### [Try it]
Only the pictures should be dropped; every line of the data must come back exactly as written.

### [Source data]
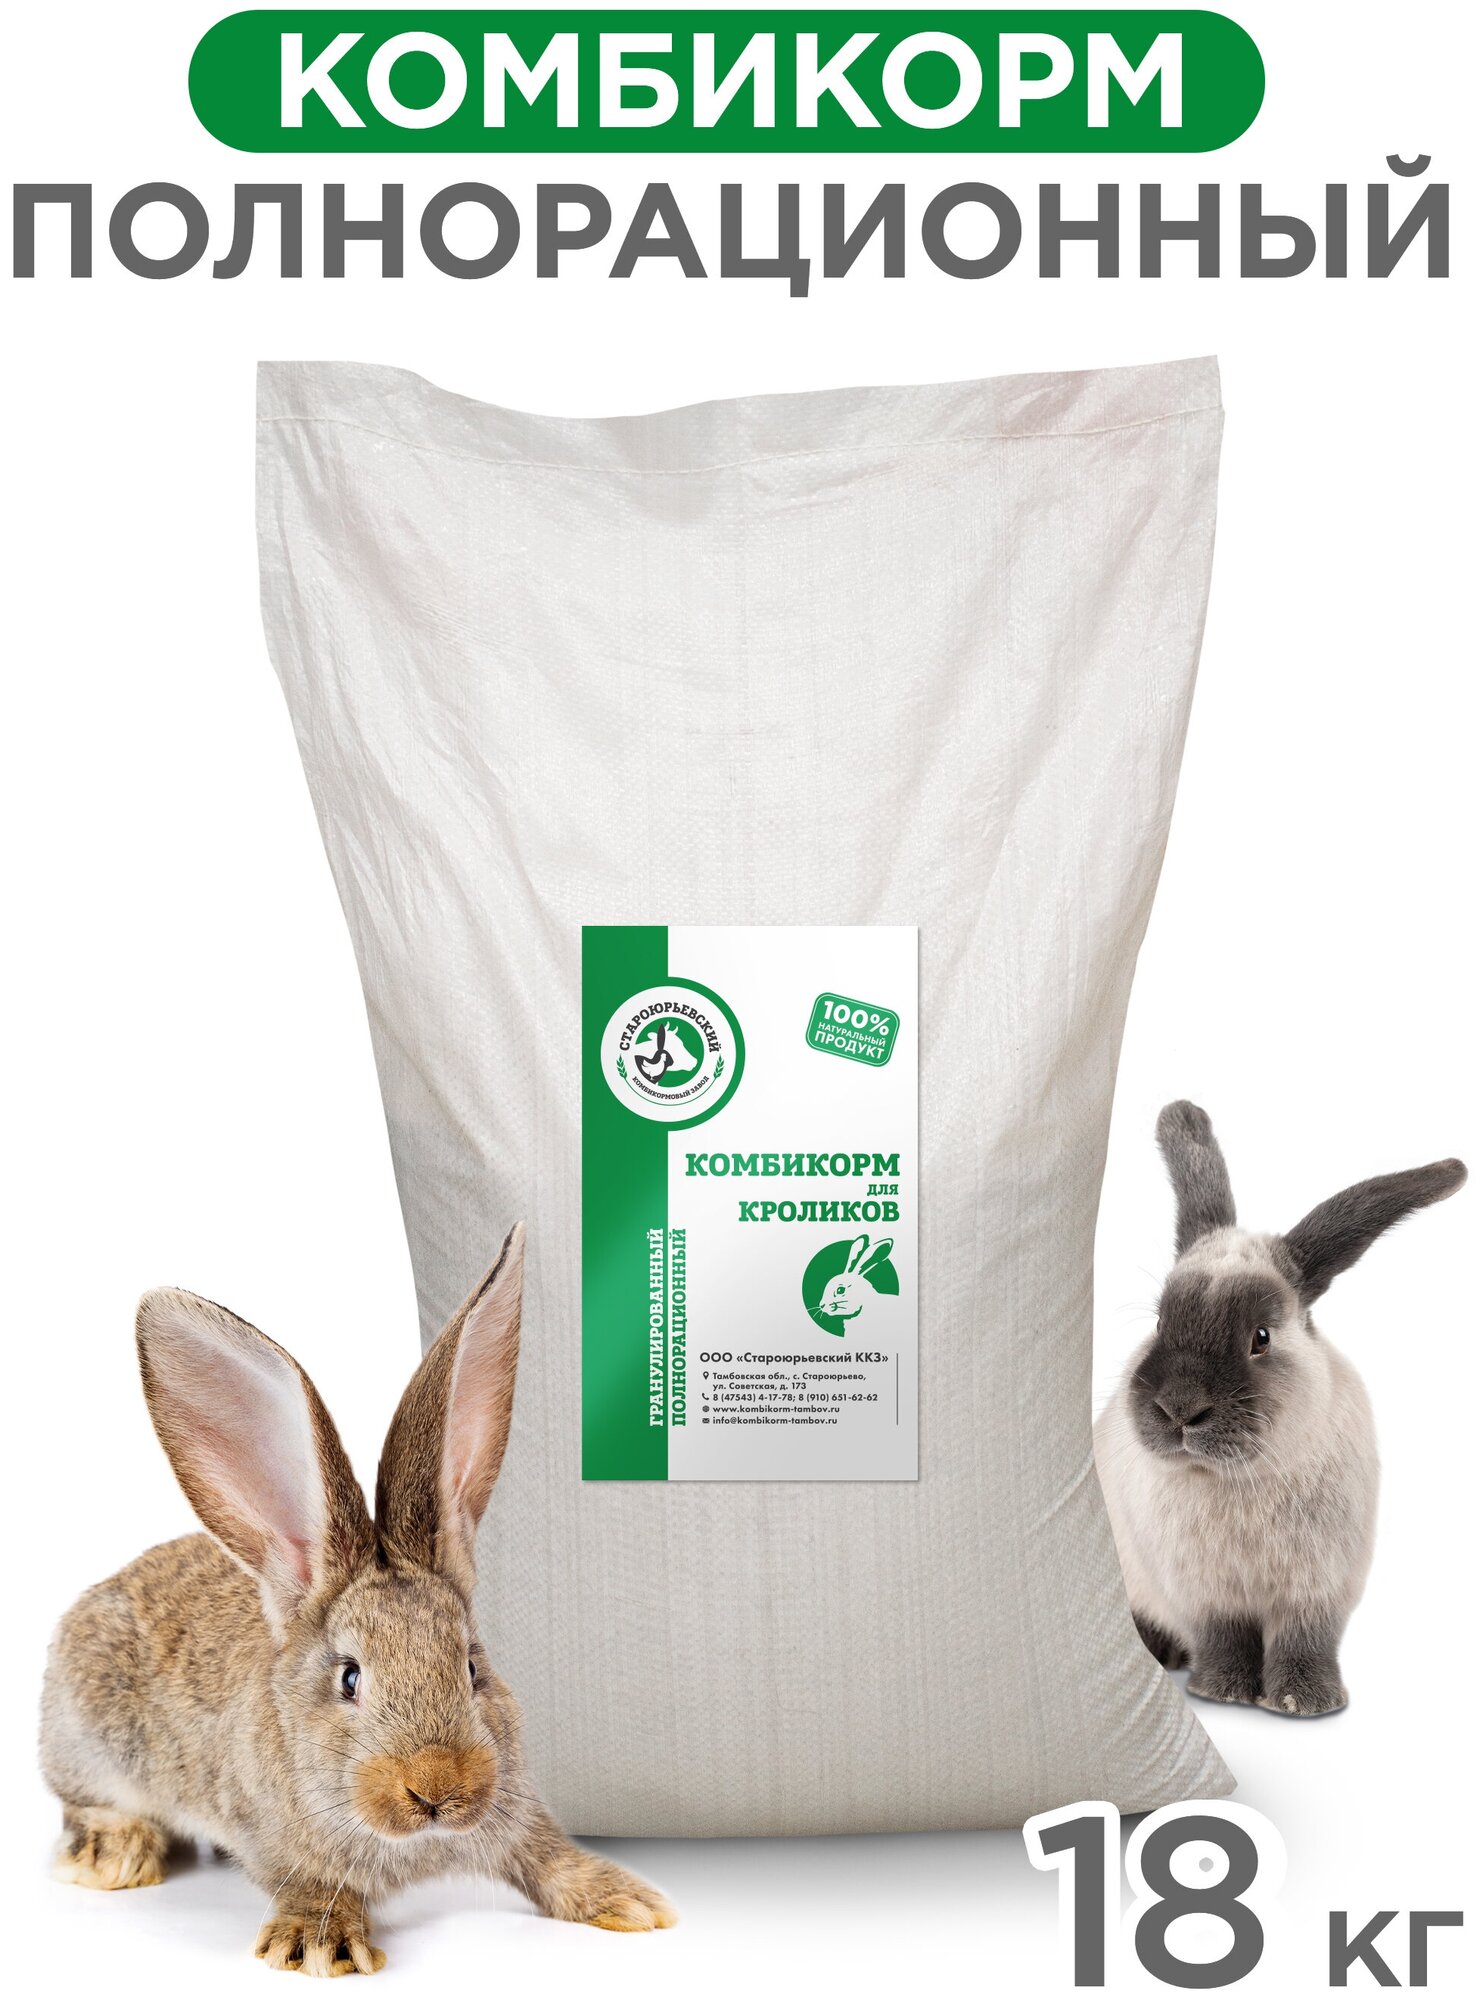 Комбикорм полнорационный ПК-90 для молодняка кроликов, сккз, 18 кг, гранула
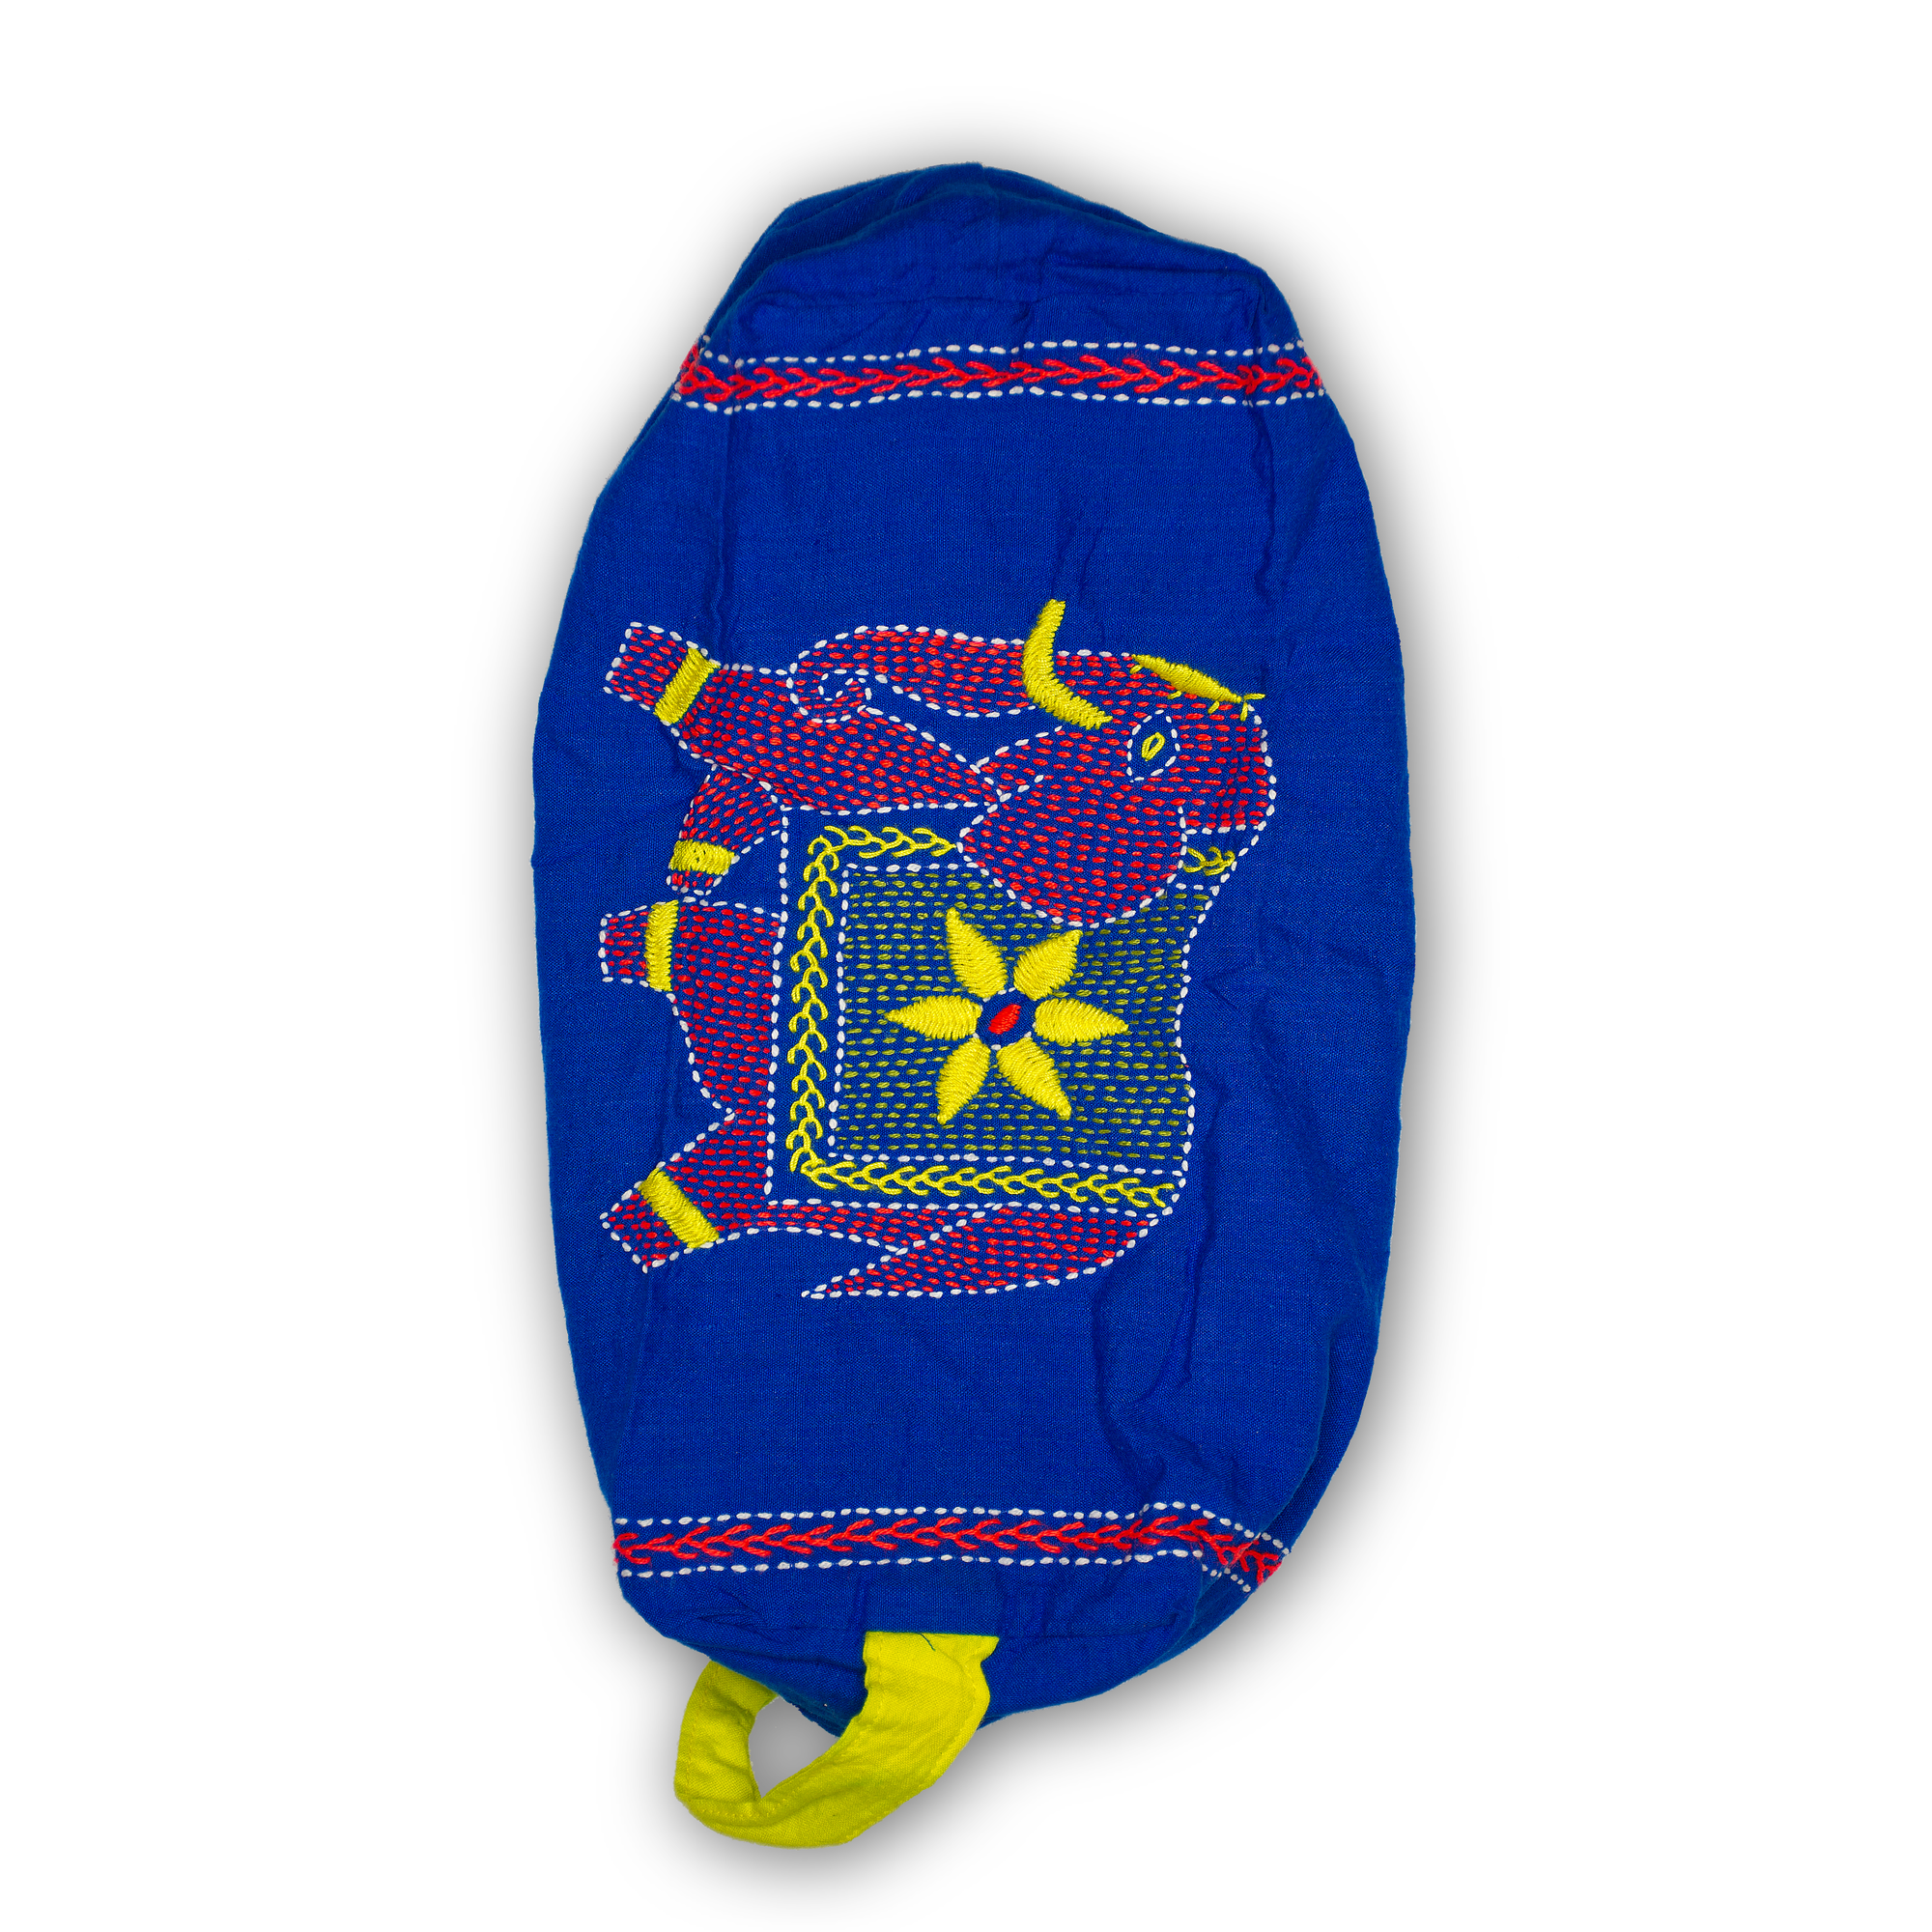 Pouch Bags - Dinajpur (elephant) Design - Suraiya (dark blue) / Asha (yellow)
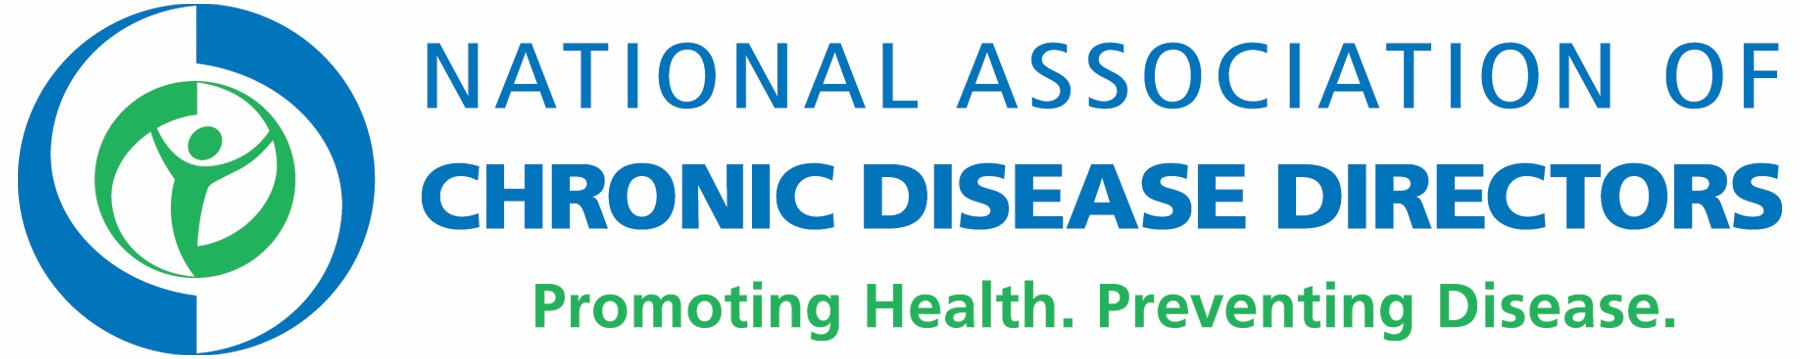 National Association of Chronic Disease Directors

### [Solution to this exercise]
 Комбикорм полнорационный ПК-90 для молодняка кроликов, сккз, 18 кг, гранула
 Pouch Bags - Dinajpur (elephant) Design - Suraiya (dark blue) / Asha (yellow)
 National Association of Chronic Disease Directors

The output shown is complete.